As Figure 3 illustrates, application development and execution with CxC is a three-step process. For instance, say you want to develop an image-processing application that displays 10,000 pixels in a 100×100 grid. In CxC, you specify (with one command) an array of 100×100 virtual parallel processors, define how the processors are connected so they can share information, then create the program(s) they will run (such as edge-detection, filtering, processing, and so on). Once you've developed the program on a PC, you can run it on, say, a 20 CPU Linux compute cluster. CxC's runtime environment automatically maps the 10,000 virtual processors to the 20 physical processors, distributes the program and data, and orchestrates its execution in parallel.

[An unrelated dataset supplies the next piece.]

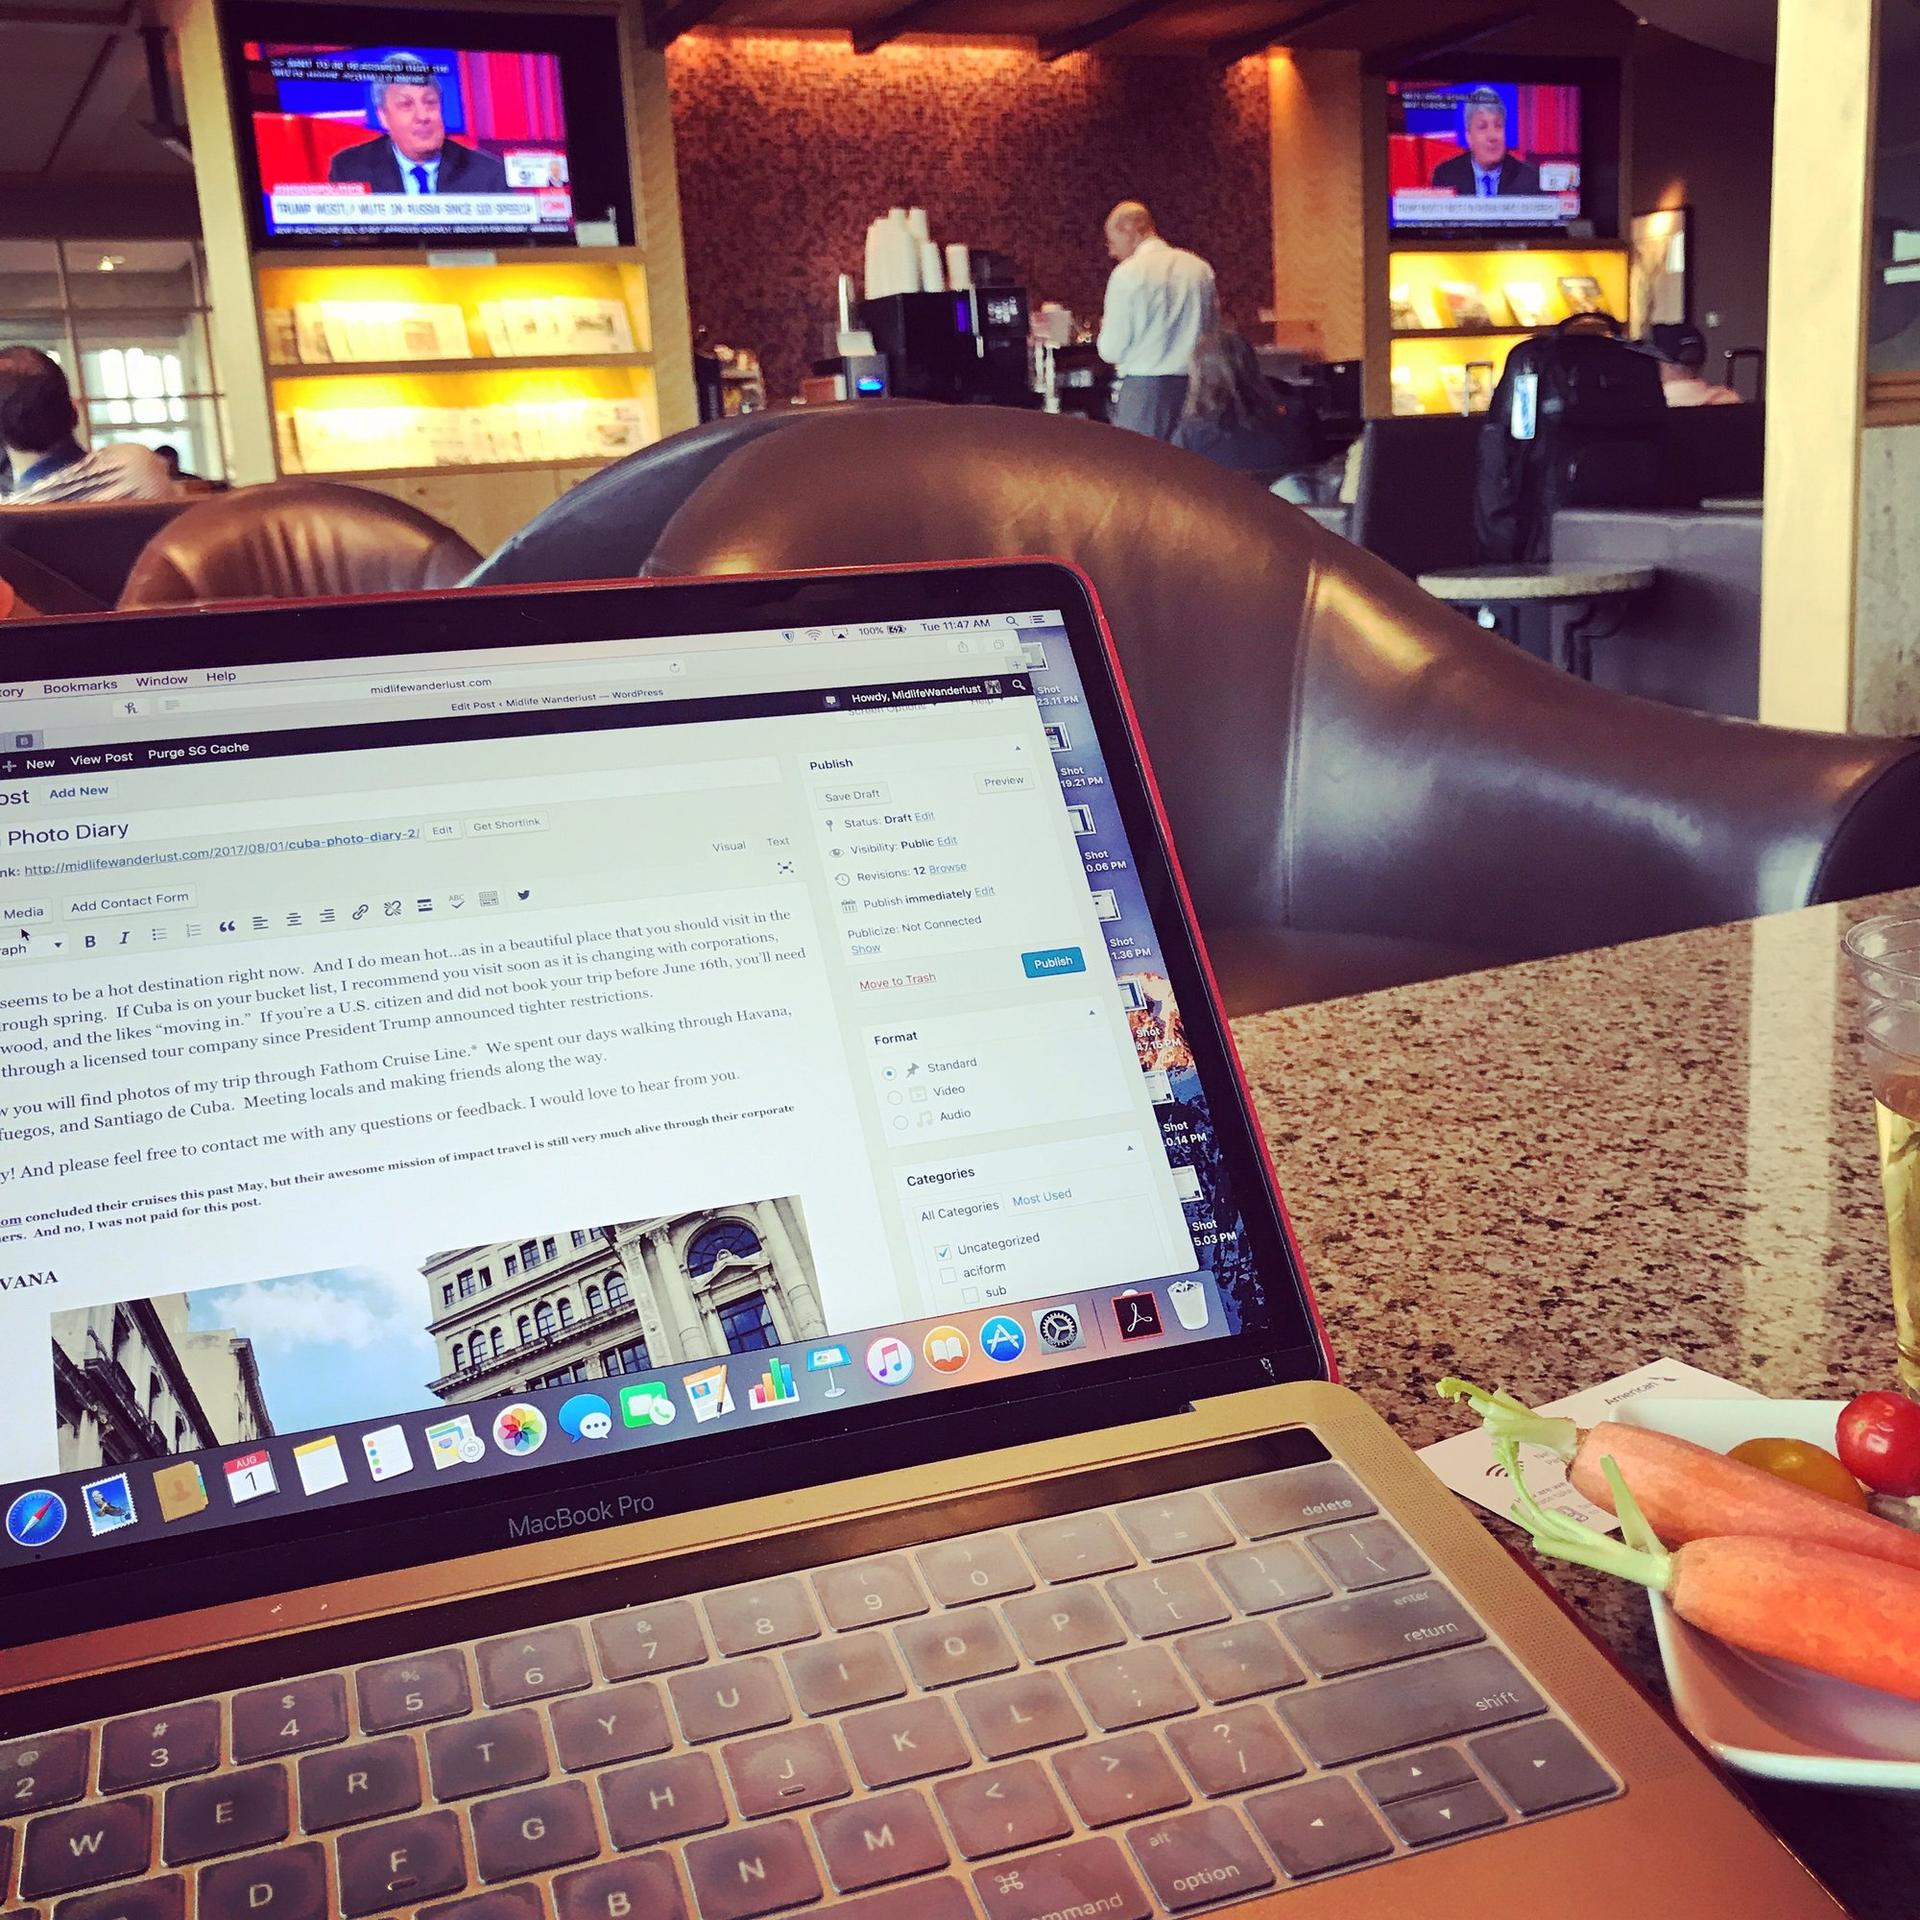 American Airlines Admirals Club image 9 of 14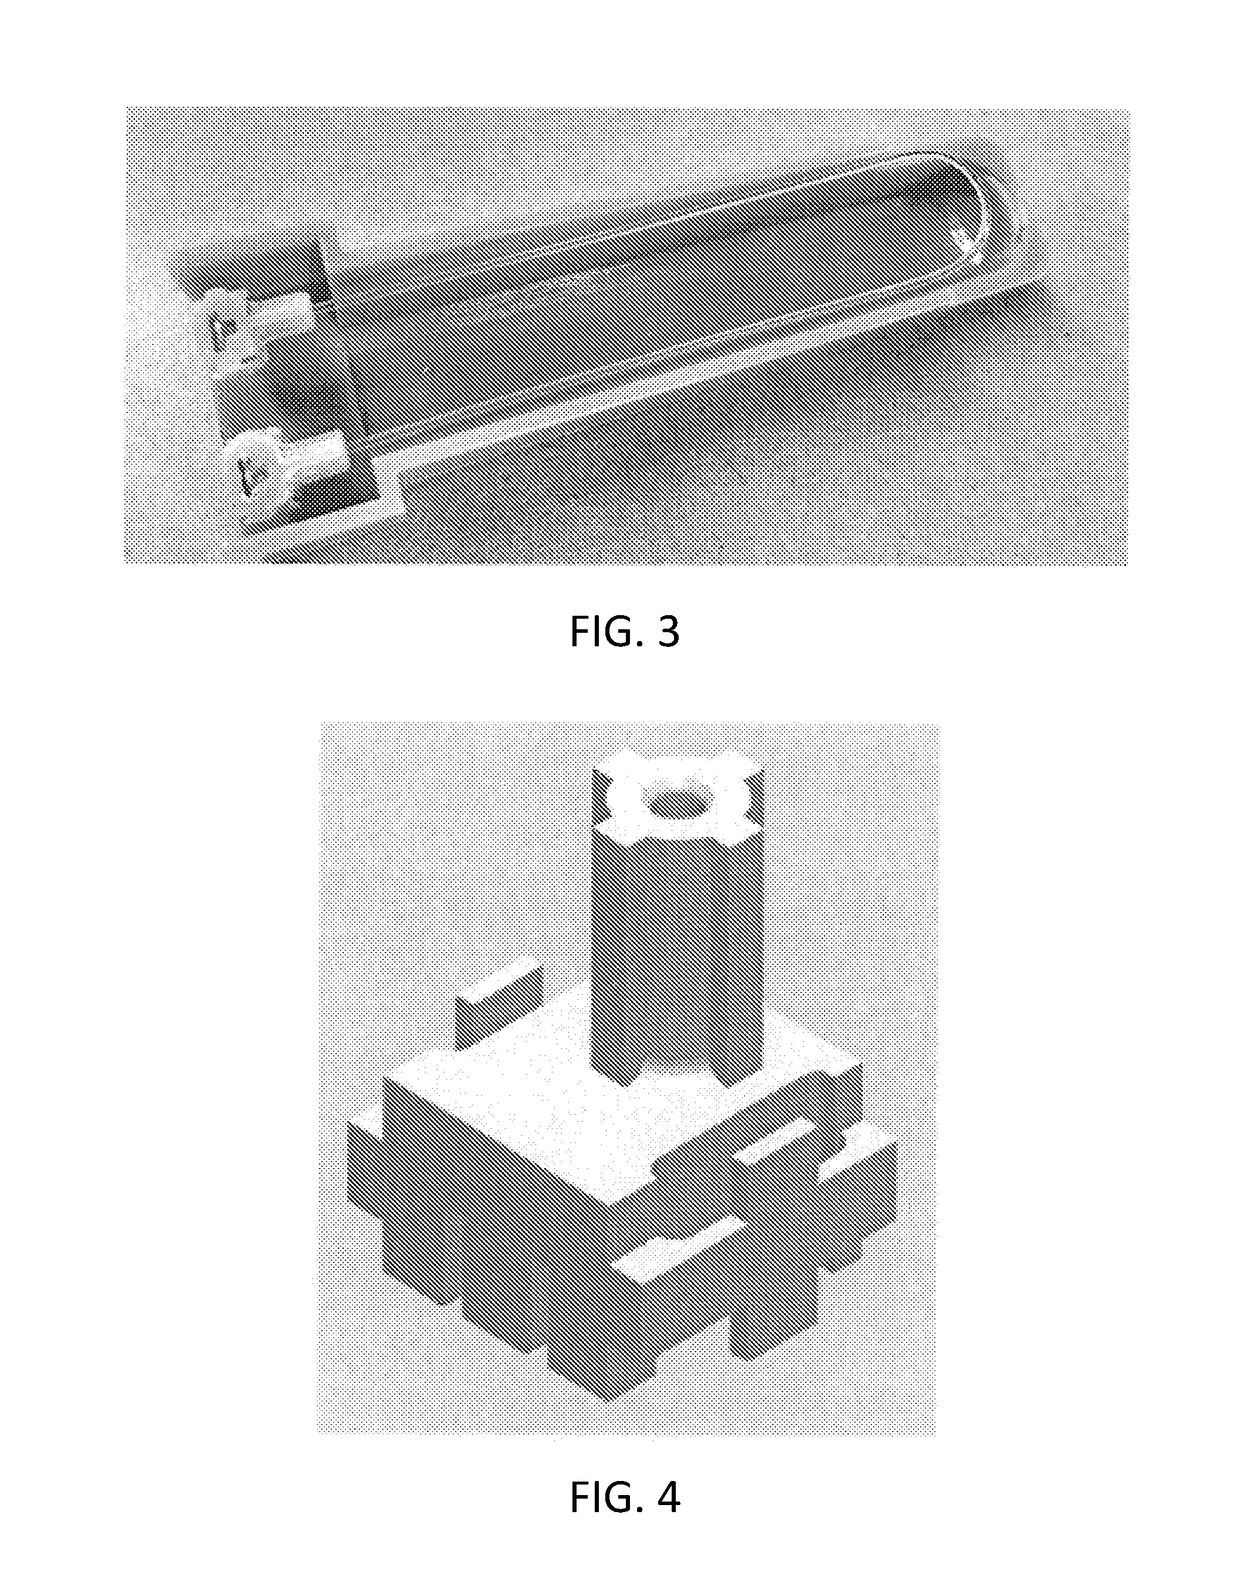 Waveguides for use in sensors or displays

CxC is compatible with Fortran, C, and C++. Programs written in these languages can be integrated with little or no change; you essentially do cut-and-paste for code written. CxC can access all the built-in libraries of C, C++, and Fortran, and all the tools used by these languages can also be accessed. Therefore, you have all the strengths of the existing languages, plus the parallel capabilities of CxC.
CxC Program Structure
Every CxC program consists of three main steps:
- Specifying a virtual parallel machine with n processors, done using a controller declaring the number of virtual processors.
- Defining the communication topology between the processors, required only if the processors communicate.
- Implementing the parallel programming language on the processors, including the actual logic (what each processor will be doing).
A typical CxC program has one or more array controllers (which declares the number and dimensions of parallel processing units used), topology (to define the communication between the processors), and the implementation of programs. The CxC language is an intuitive parallel-development system that lets you prototype, test, and run parallel algorithms with just basic parallel programming knowledge. For instance, Listing 1 is a parallel version of the "hello world" program in Kernighan and Ritchie's classic The C Programming Language. This simple CxC program creates 30 processors that all run the same program. The parallel machine will be executed 10 times. The result is the following output 300 times (30 processors × 10 times executed).
hello parallel world! hello parallel world! ... hello parallel world!
The good news is that you can run this on a laptop in a couple of milliseconds. Imagine, though, if you increase the number of virtual parallel processors from 30 to 30 million you won't be able to run it on your laptop anymore. But on a supercomputer or cluster with 300 nodes, it could run in a few seconds. A new world record: 30 million "hello worlds" printed in the least amount of time! Now let's look at some real-world examples where CxC parallel programming makes sense.
Writing CxC Programs
The specific programs that are executed on each parallel processor are similar to conventional C or Java. The design goal was to take the best practices and concepts of C, Java, and Fortran and create a parallel language that is simple to learn and use.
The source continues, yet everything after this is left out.